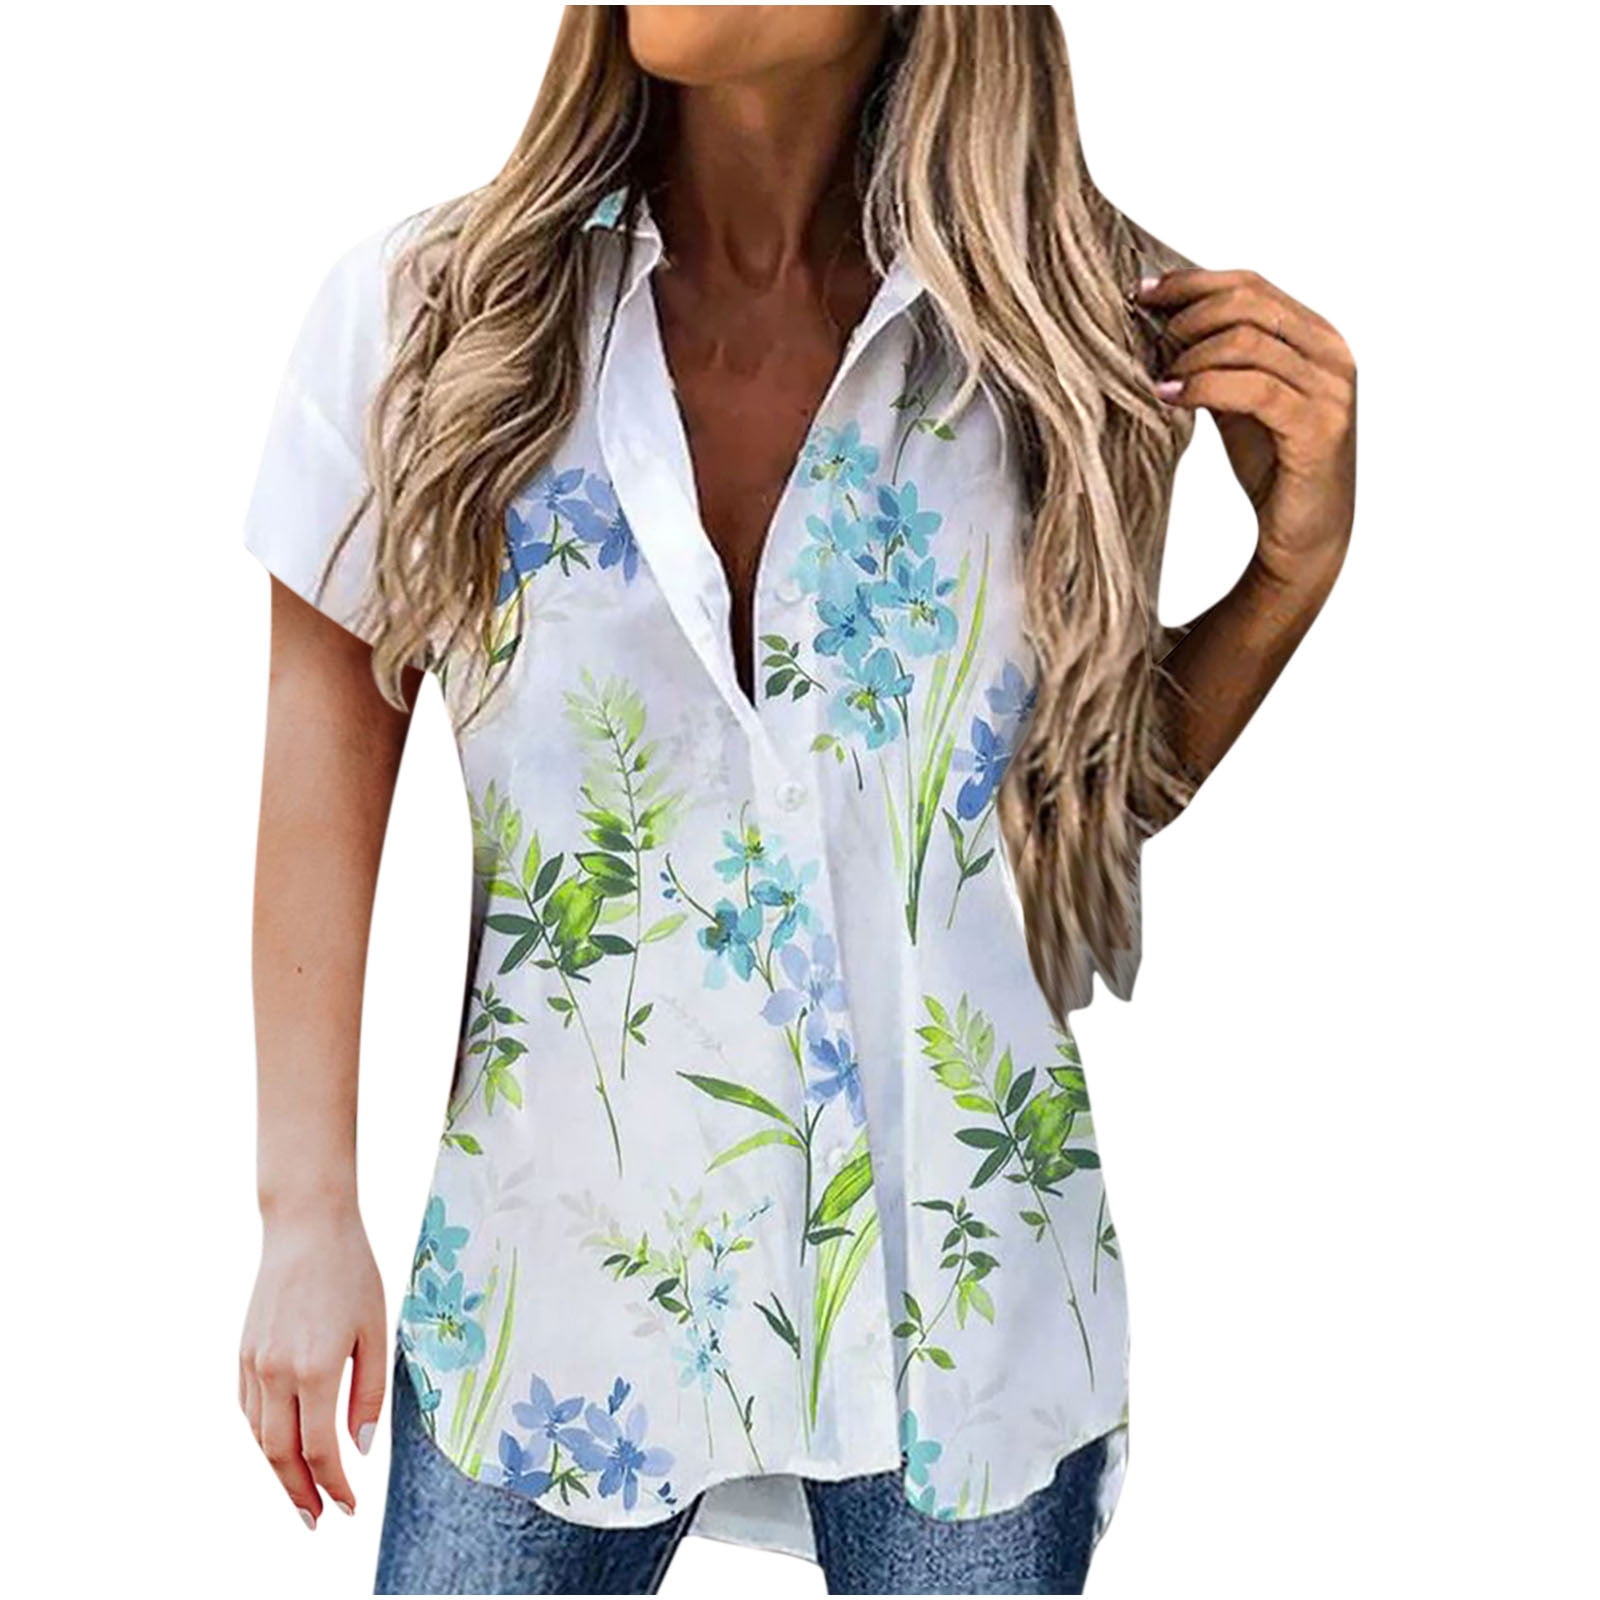 EASTHER Womens Cold Shoulder Floral Print Shirt Short Sleeve Casual Loose Tunic Tops 
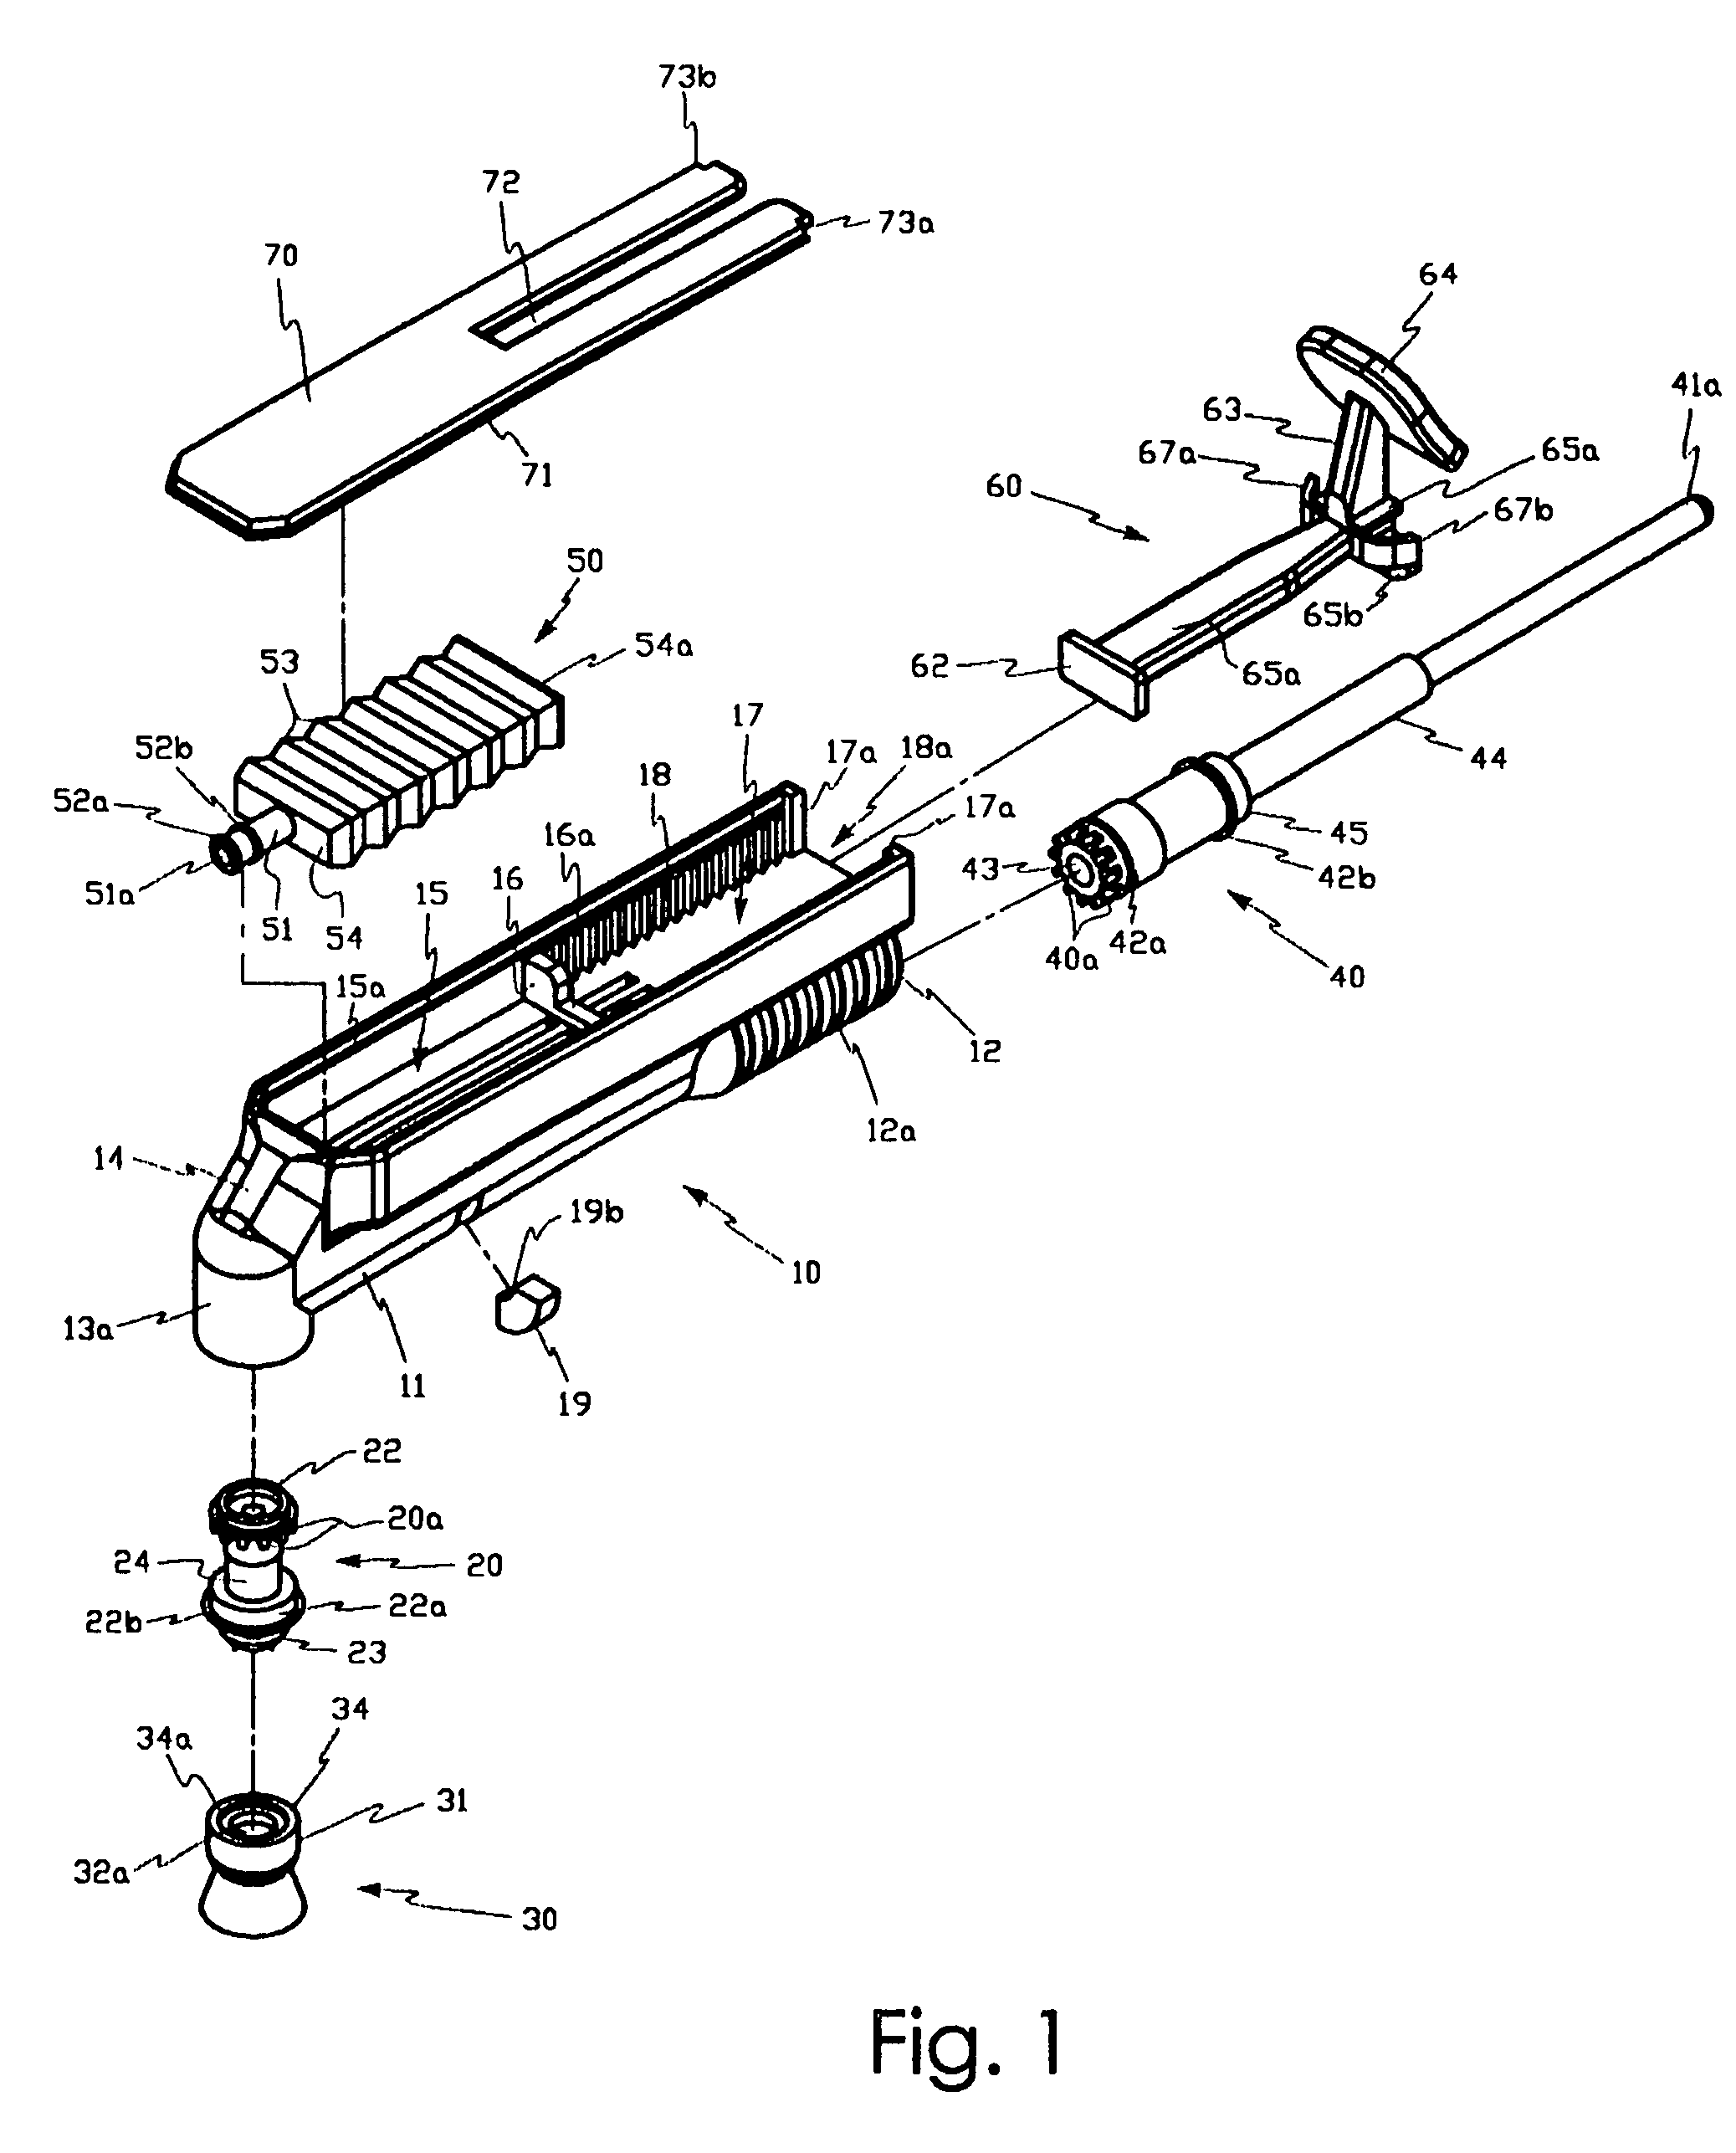 Disposable dental prophylaxis apparatus capable of discharging predetermined amount of dentifrice material therefrom
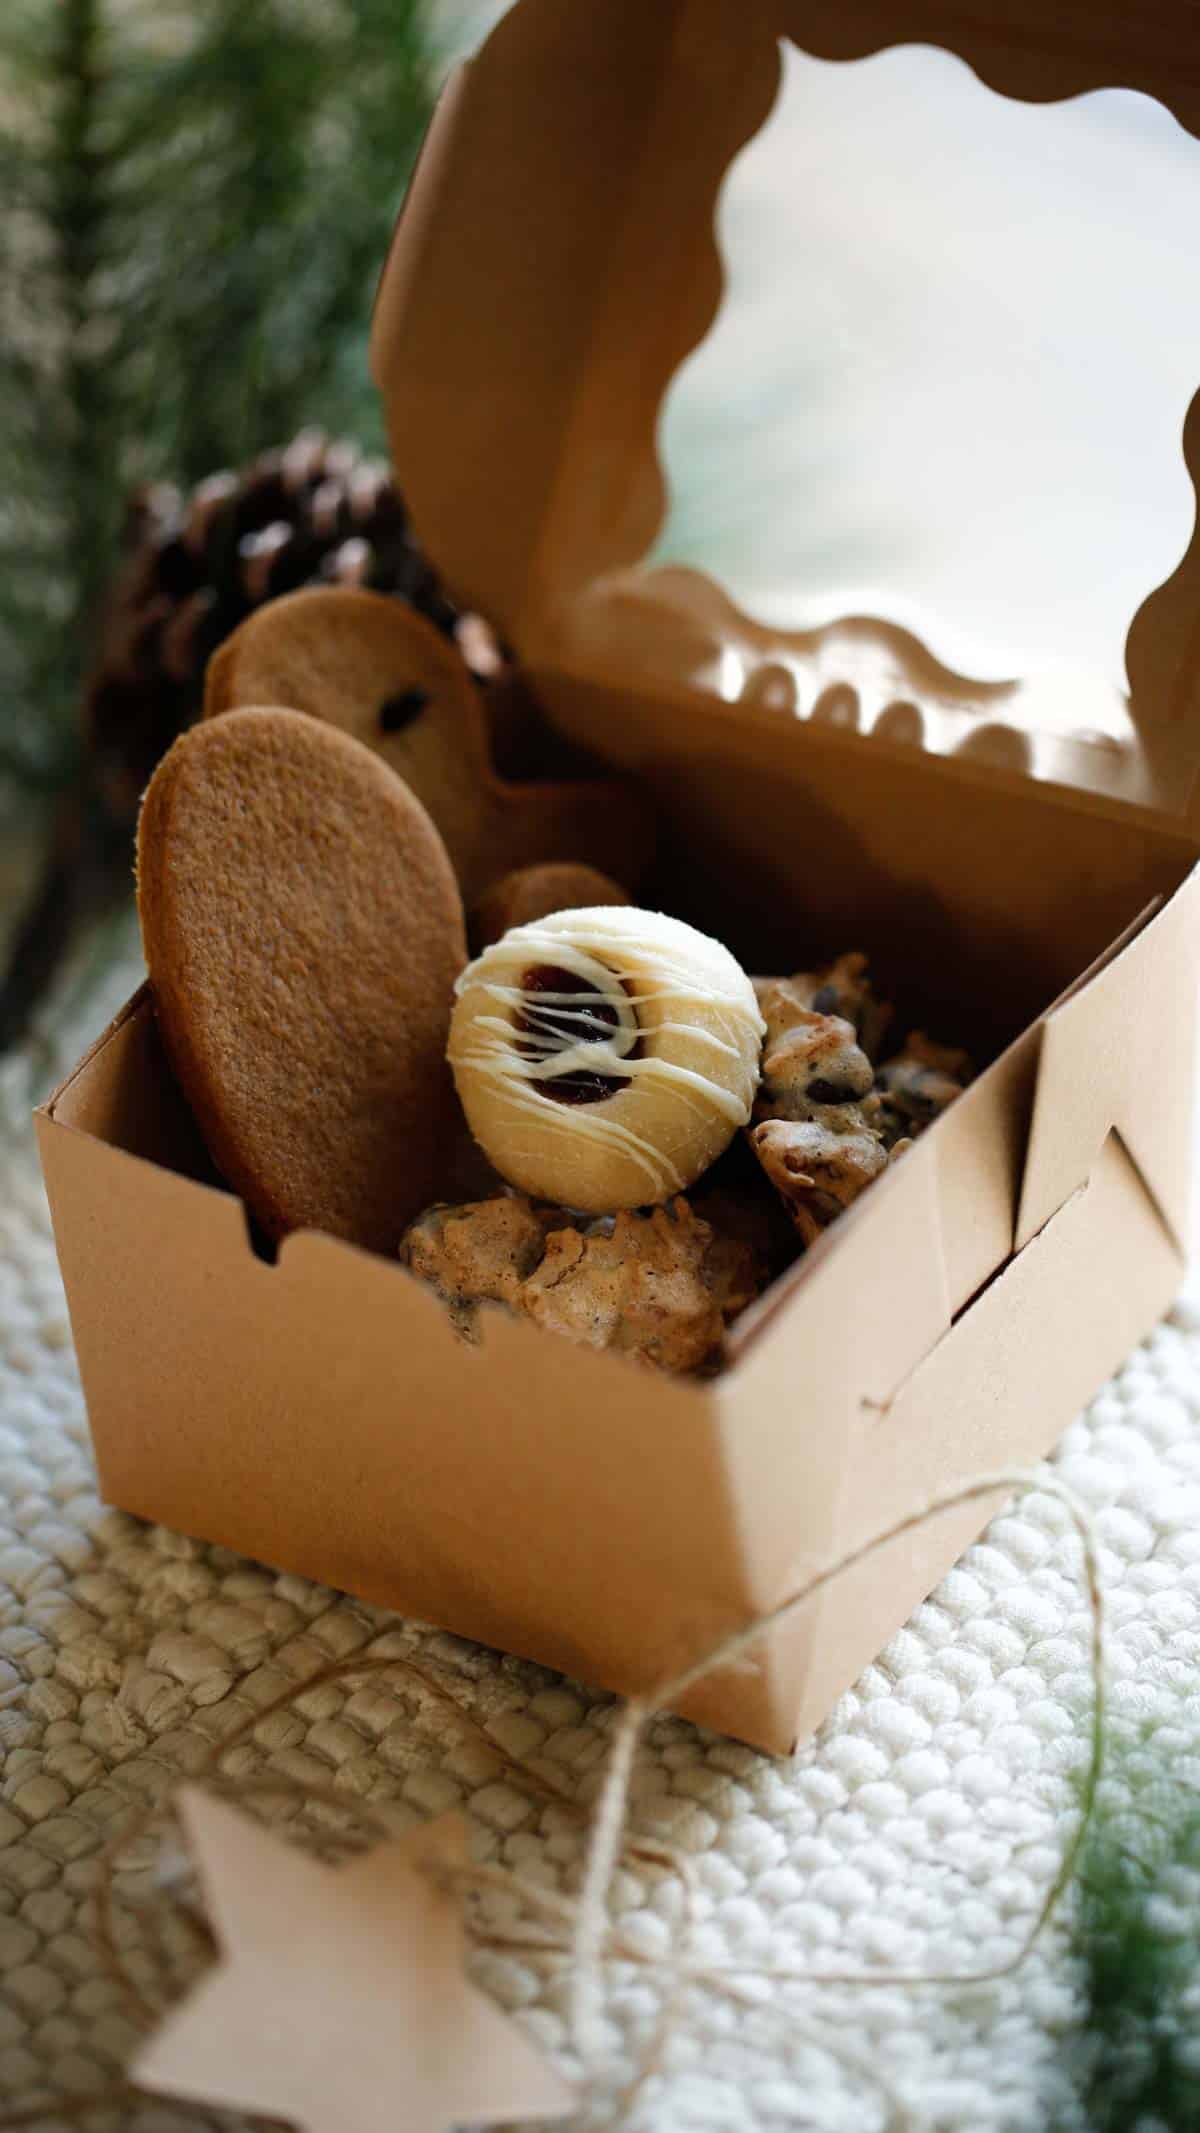 Cookies in a box packaged for gifting

:::

Required work: Please repeat each line above exactly as it appears, but omit the pictures.

Exercise solution:
 EASTHER Womens Cold Shoulder Floral Print Shirt Short Sleeve Casual Loose Tunic Tops 
 Disposable dental prophylaxis apparatus capable of discharging predetermined amount of dentifrice material therefrom
 Cookies in a box packaged for gifting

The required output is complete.